* [PATCH net-next 0/3] tipc: fix link failover/synch problems
@ 2015-08-20 6:12 Jon Maloy
2015-08-20 6:12 ` [PATCH net-next 1/3] tipc: eliminate risk of premature link setup during failover Jon Maloy
` (3 more replies)
0 siblings, 4 replies; 5+ messages in thread
From: Jon Maloy @ 2015-08-20 6:12 UTC (permalink / raw)
To: davem
Cc: netdev, Paul Gortmaker, erik.hugne, ying.xue, maloy,
tipc-discussion, Jon Maloy
We fix three problems with the new link failover/synch implementation,
which was introduced earlier in this release cycle. They are all related
to situations where there is a very short interval between the disabling
and enabling of interfaces.
Jon Maloy (3):
tipc: eliminate risk of premature link setup during failover
tipc: interrupt link synchronization when a link goes down
tipc: fix stale link problem during synchronization
net/tipc/link.c | 5 +++--
net/tipc/node.c | 27 +++++++++++++++++++++------
2 files changed, 24 insertions(+), 8 deletions(-)
--
1.9.1
^ permalink raw reply [flat|nested] 5+ messages in thread
* [PATCH net-next 1/3] tipc: eliminate risk of premature link setup during failover
2015-08-20 6:12 [PATCH net-next 0/3] tipc: fix link failover/synch problems Jon Maloy
@ 2015-08-20 6:12 ` Jon Maloy
2015-08-20 6:12 ` [PATCH net-next 2/3] tipc: interrupt link synchronization when a link goes down Jon Maloy
` (2 subsequent siblings)
3 siblings, 0 replies; 5+ messages in thread
From: Jon Maloy @ 2015-08-20 6:12 UTC (permalink / raw)
To: davem
Cc: netdev, Paul Gortmaker, erik.hugne, ying.xue, maloy,
tipc-discussion, Jon Maloy
When a link goes down, and there is still a working link towards its
destination node, a failover is initiated, and the failed link is not
allowed to re-establish until that procedure is finished. To ensure
this, the concerned link endpoints are set to state LINK_FAILINGOVER,
and the node endpoints to NODE_FAILINGOVER during the failover period.

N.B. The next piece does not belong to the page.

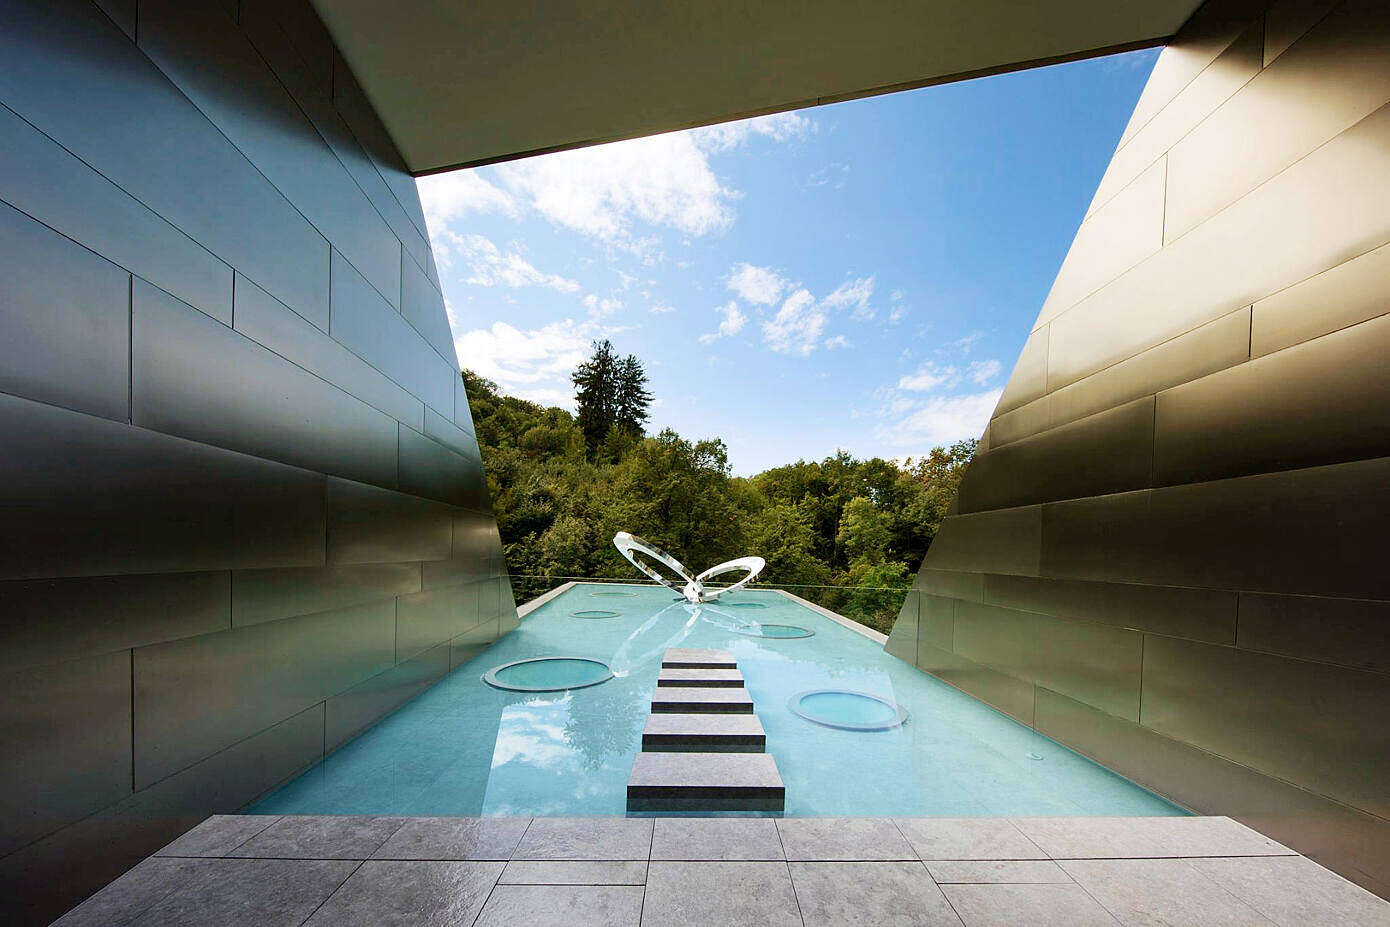 Nizza Paradise Residence by Mino Caggiula Architects
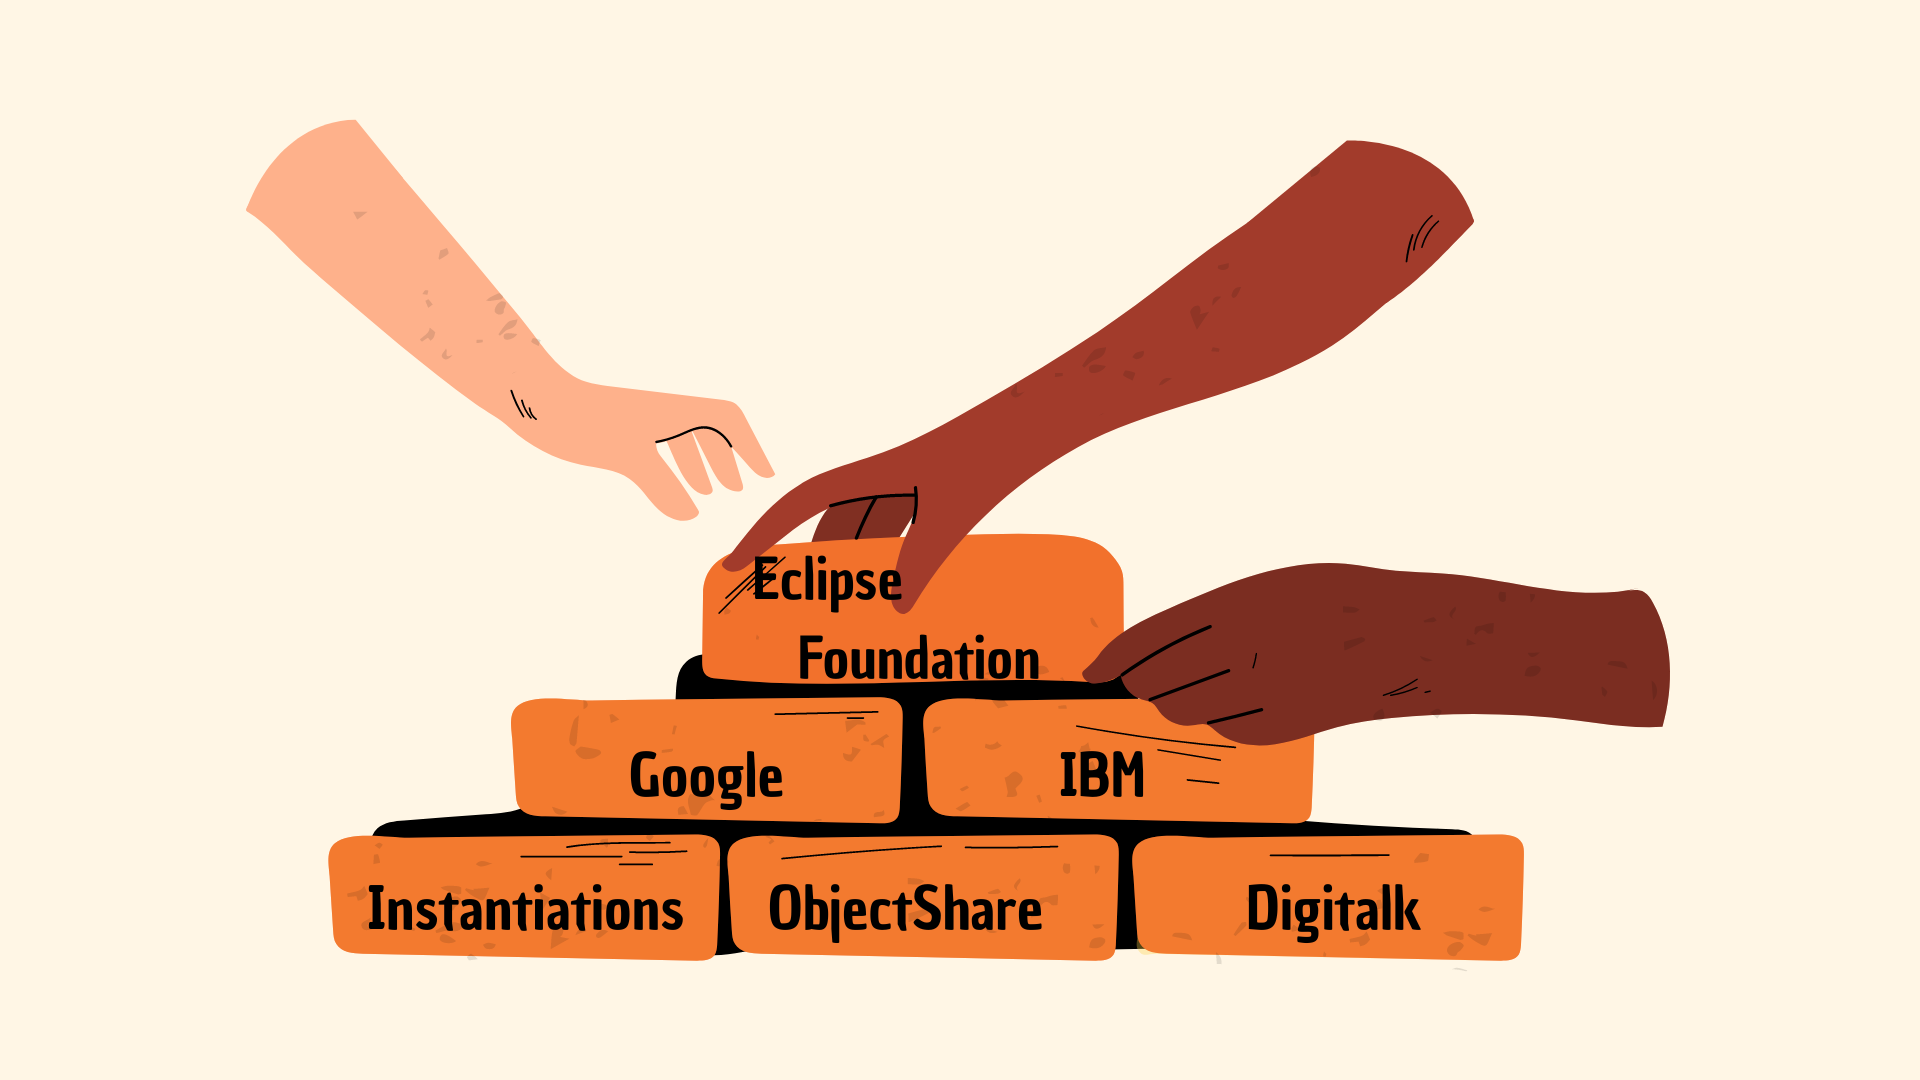 Mãos montando uma parede de tijolos, e em cada tilojo algo escrito, sendo: "Eclipse Foundation"; "Google"; "IBM"; "Instantiations"; "ObjectShare"; "Digitalk".

However, if the link reset is due to a disabled bearer, the corres-
ponding link endpoint is deleted, and only the node endpoint knows
about the ongoing failover. Now, if the disabled bearer is re-enabled
during the failover period, the discovery mechanism may create a new
link endpoint that is ready to be established, despite that this is not
permitted. This situation may cause both the ongoing failover and any
subsequent link synchronization to fail.
In this commit, we ensure that a newly created link goes directly to
state LINK_FAILINGOVER if the corresponding node state is
NODE_FAILINGOVER. This eliminates the problem described above.
Furthermore, we tighten the criteria for which packets are allowed
to end a failover state in the function tipc_node_check_state().
By checking that the receiving link is up and running, instead of just
checking that it is not in failover mode, we eliminate the risk that
protocol packets from the re-created link may cause the failover to
be prematurely terminated.
Reviewed-by: Ying Xue <ying.xue@windriver.com>
Signed-off-by: Jon Maloy <jon.maloy@ericsson.com>
---
net/tipc/node.c | 4 +++-
1 file changed, 3 insertions(+), 1 deletion(-)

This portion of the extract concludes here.